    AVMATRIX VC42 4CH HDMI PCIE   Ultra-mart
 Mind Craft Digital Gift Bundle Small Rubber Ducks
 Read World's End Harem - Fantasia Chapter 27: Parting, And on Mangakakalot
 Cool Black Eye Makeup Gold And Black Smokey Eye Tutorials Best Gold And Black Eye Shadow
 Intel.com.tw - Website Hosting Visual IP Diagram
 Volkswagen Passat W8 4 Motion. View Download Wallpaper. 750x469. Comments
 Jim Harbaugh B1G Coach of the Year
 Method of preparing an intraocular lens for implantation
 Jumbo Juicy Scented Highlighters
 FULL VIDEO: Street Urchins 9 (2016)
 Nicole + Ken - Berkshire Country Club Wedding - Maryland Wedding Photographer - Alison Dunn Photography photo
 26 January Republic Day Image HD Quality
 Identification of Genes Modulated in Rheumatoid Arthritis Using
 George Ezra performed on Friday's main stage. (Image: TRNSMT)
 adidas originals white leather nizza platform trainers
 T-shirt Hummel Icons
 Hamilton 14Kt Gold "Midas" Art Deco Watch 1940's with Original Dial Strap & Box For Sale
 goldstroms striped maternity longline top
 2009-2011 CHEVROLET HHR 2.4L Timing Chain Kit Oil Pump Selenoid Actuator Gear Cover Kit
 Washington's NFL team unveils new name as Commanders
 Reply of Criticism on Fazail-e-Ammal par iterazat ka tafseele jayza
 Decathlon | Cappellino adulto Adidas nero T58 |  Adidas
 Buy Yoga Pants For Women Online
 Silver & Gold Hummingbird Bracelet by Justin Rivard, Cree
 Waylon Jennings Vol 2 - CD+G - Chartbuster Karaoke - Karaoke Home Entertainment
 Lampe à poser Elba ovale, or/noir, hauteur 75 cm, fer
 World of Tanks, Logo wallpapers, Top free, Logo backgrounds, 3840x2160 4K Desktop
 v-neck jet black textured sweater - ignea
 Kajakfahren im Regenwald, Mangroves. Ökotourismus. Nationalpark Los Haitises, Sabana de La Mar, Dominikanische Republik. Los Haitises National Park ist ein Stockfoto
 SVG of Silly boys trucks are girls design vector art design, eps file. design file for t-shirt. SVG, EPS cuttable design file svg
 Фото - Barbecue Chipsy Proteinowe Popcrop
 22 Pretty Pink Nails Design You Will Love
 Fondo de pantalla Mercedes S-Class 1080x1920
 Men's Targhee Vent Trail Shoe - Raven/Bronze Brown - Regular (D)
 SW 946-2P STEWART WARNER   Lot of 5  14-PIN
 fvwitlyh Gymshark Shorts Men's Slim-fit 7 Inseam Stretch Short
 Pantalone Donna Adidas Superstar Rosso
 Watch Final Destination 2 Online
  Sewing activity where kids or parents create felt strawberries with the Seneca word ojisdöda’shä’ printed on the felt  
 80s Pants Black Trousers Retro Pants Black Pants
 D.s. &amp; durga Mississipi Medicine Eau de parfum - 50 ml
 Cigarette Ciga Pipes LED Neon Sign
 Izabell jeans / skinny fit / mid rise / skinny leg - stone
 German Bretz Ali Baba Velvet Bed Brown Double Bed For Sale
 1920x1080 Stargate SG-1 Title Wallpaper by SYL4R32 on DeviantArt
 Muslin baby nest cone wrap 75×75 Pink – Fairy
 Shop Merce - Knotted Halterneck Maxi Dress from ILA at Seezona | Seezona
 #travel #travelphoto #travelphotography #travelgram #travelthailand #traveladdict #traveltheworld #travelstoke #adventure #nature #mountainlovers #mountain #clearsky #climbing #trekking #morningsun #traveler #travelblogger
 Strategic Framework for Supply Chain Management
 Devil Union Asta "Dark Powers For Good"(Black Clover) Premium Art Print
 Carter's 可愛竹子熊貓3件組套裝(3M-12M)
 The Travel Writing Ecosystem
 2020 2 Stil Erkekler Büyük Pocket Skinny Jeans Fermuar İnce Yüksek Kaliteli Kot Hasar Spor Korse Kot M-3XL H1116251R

________

Work instruction → Set down, exactly and without anything extra, every line from the one that contains "Fondo de pantalla Mercedes S-Class 1080x1920" through the final line of the material.

Response to the exercise →
 Fondo de pantalla Mercedes S-Class 1080x1920
 Men's Targhee Vent Trail Shoe - Raven/Bronze Brown - Regular (D)
 SW 946-2P STEWART WARNER   Lot of 5  14-PIN
 fvwitlyh Gymshark Shorts Men's Slim-fit 7 Inseam Stretch Short
 Pantalone Donna Adidas Superstar Rosso
 Watch Final Destination 2 Online
  Sewing activity where kids or parents create felt strawberries with the Seneca word ojisdöda’shä’ printed on the felt  
 80s Pants Black Trousers Retro Pants Black Pants
 D.s. &amp; durga Mississipi Medicine Eau de parfum - 50 ml
 Cigarette Ciga Pipes LED Neon Sign
 Izabell jeans / skinny fit / mid rise / skinny leg - stone
 German Bretz Ali Baba Velvet Bed Brown Double Bed For Sale
 1920x1080 Stargate SG-1 Title Wallpaper by SYL4R32 on DeviantArt
 Muslin baby nest cone wrap 75×75 Pink – Fairy
 Shop Merce - Knotted Halterneck Maxi Dress from ILA at Seezona | Seezona
 #travel #travelphoto #travelphotography #travelgram #travelthailand #traveladdict #traveltheworld #travelstoke #adventure #nature #mountainlovers #mountain #clearsky #climbing #trekking #morningsun #traveler #travelblogger
 Strategic Framework for Supply Chain Management
 Devil Union Asta "Dark Powers For Good"(Black Clover) Premium Art Print
 Carter's 可愛竹子熊貓3件組套裝(3M-12M)
 The Travel Writing Ecosystem
 2020 2 Stil Erkekler Büyük Pocket Skinny Jeans Fermuar İnce Yüksek Kaliteli Kot Hasar Spor Korse Kot M-3XL H1116251R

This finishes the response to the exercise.